Once you reach the line with "Venise, Italie - juin, 21, 2013 : vue" in the material below, copy each line exactly up to and including the line with "FINETRIP 1 шт.", and skip the pictures.

Data for this task below:

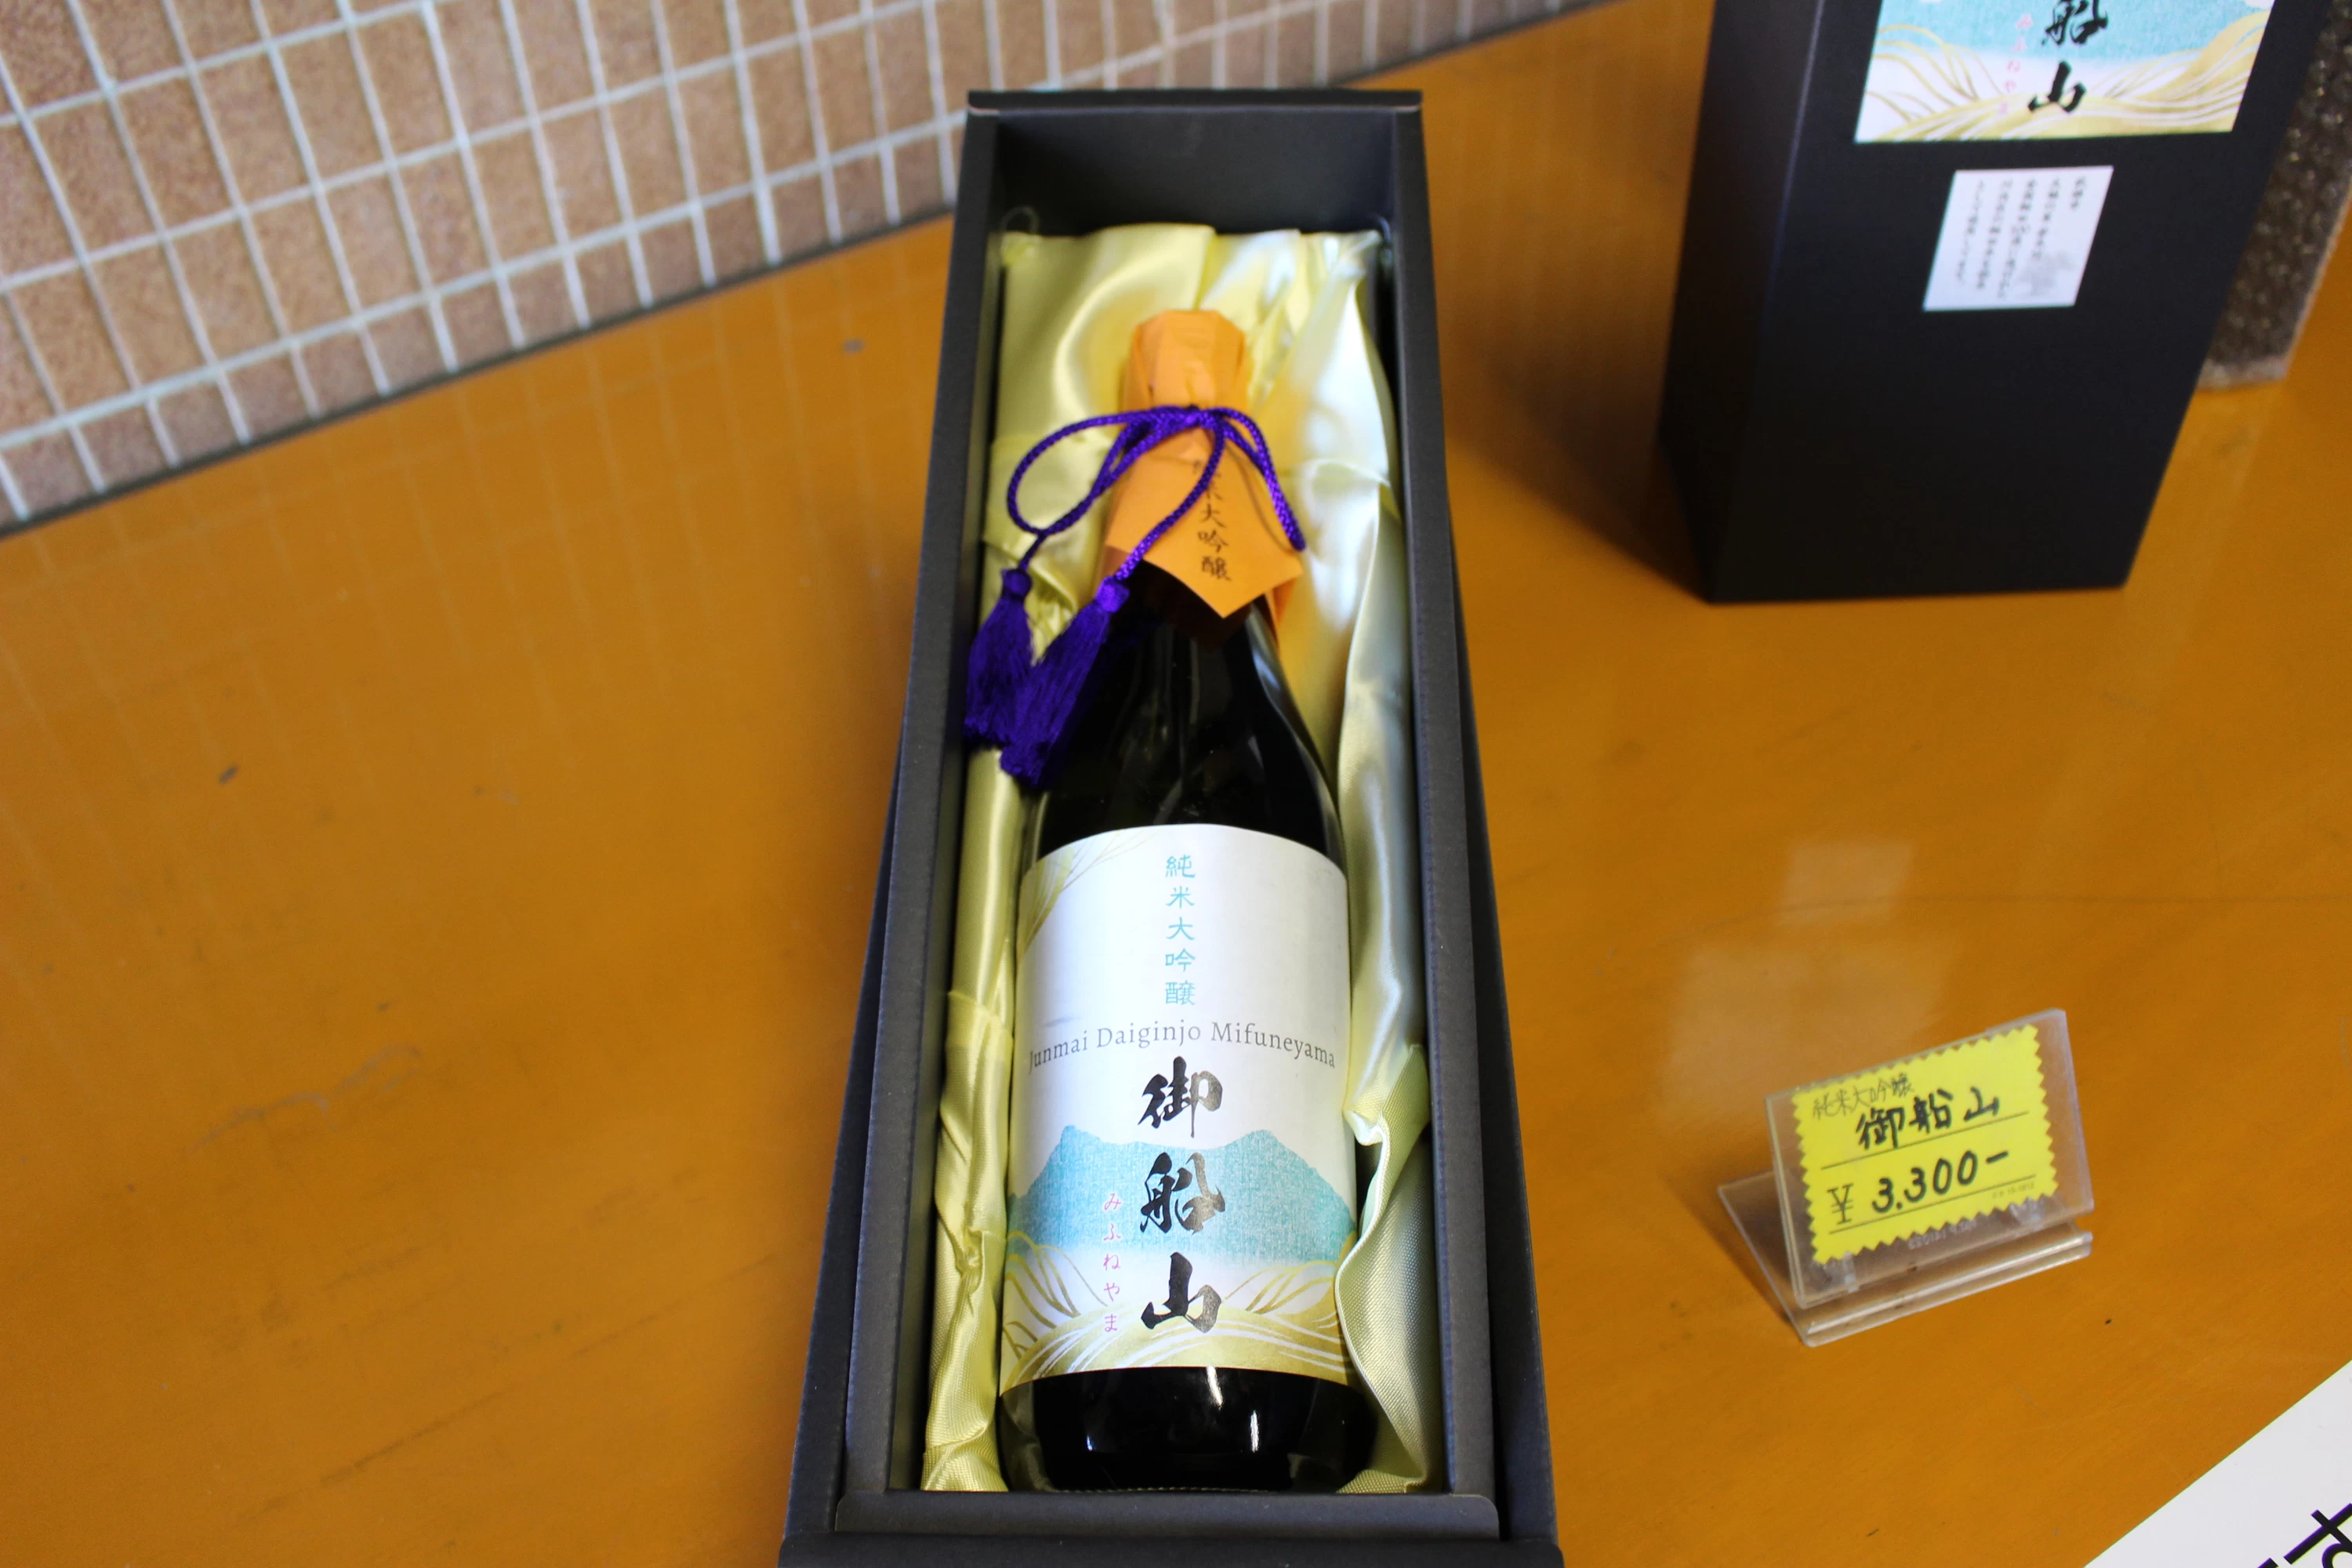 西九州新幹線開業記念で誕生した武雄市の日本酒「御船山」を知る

End of Data for this task.
Data for this task below:

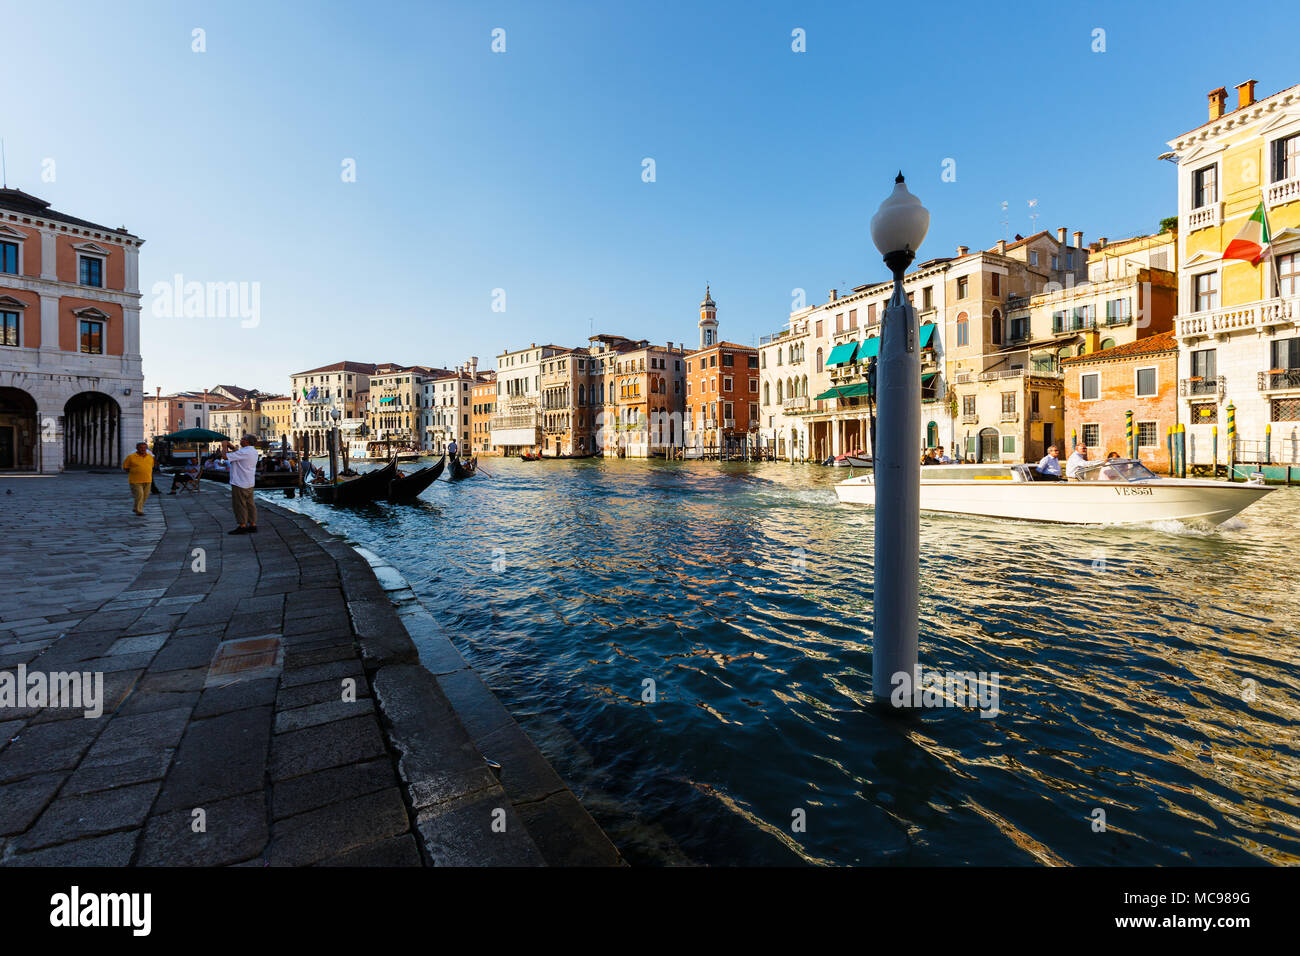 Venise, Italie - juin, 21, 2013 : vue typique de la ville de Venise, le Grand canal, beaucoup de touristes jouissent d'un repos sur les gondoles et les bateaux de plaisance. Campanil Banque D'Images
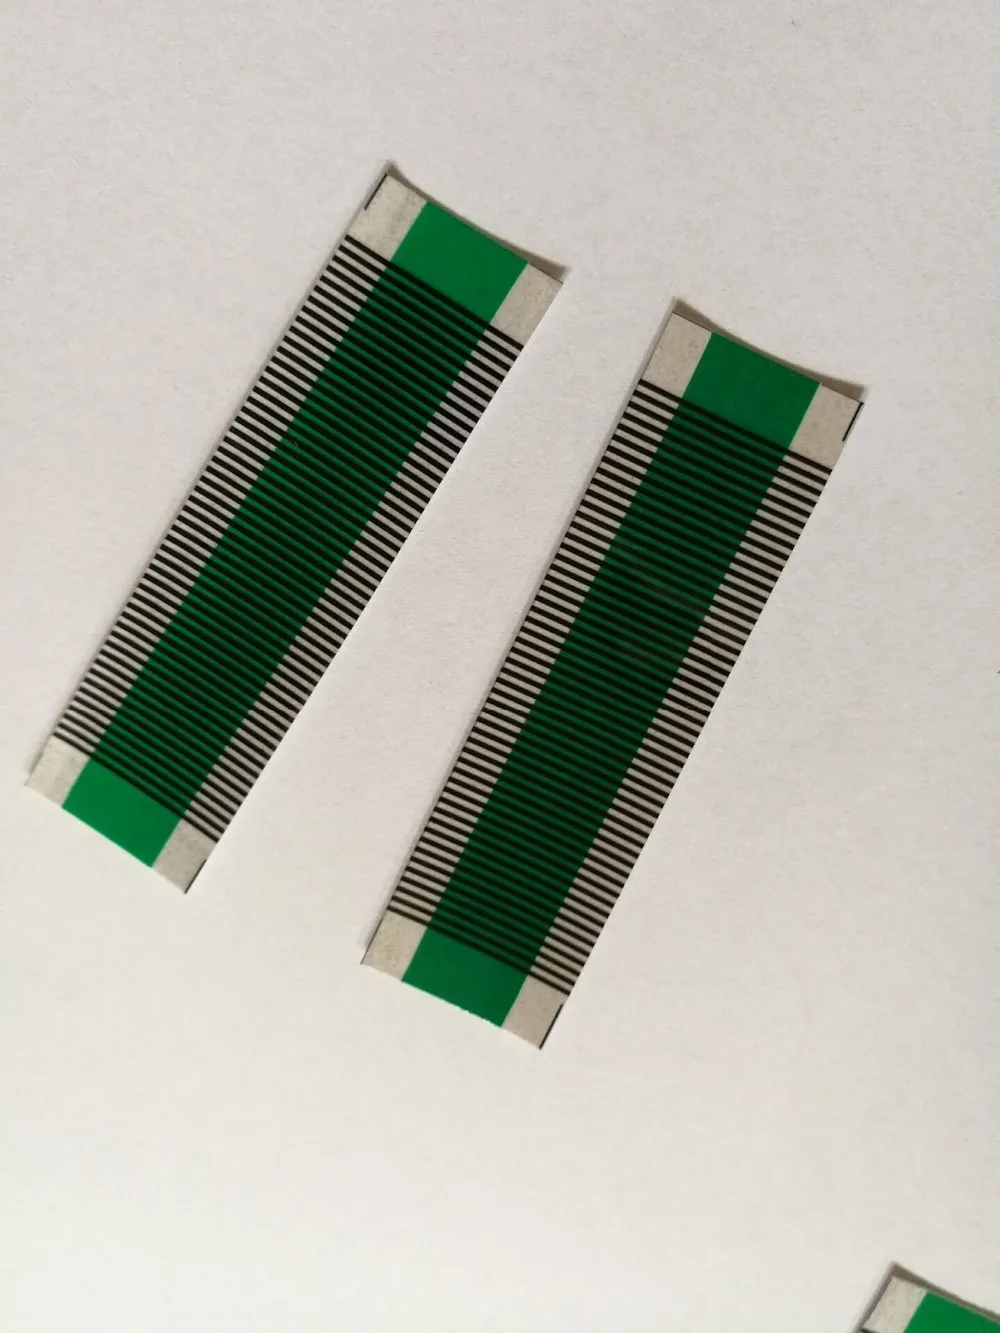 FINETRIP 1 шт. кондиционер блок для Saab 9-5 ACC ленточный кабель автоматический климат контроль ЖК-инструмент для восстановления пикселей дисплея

End of Data for this task.
Data for this task below:

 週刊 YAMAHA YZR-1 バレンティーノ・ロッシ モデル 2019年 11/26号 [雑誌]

End of Data for this task.

Exercise output:
 Venise, Italie - juin, 21, 2013 : vue typique de la ville de Venise, le Grand canal, beaucoup de touristes jouissent d'un repos sur les gondoles et les bateaux de plaisance. Campanil Banque D'Images
 FINETRIP 1 шт. кондиционер блок для Saab 9-5 ACC ленточный кабель автоматический климат контроль ЖК-инструмент для восстановления пикселей дисплея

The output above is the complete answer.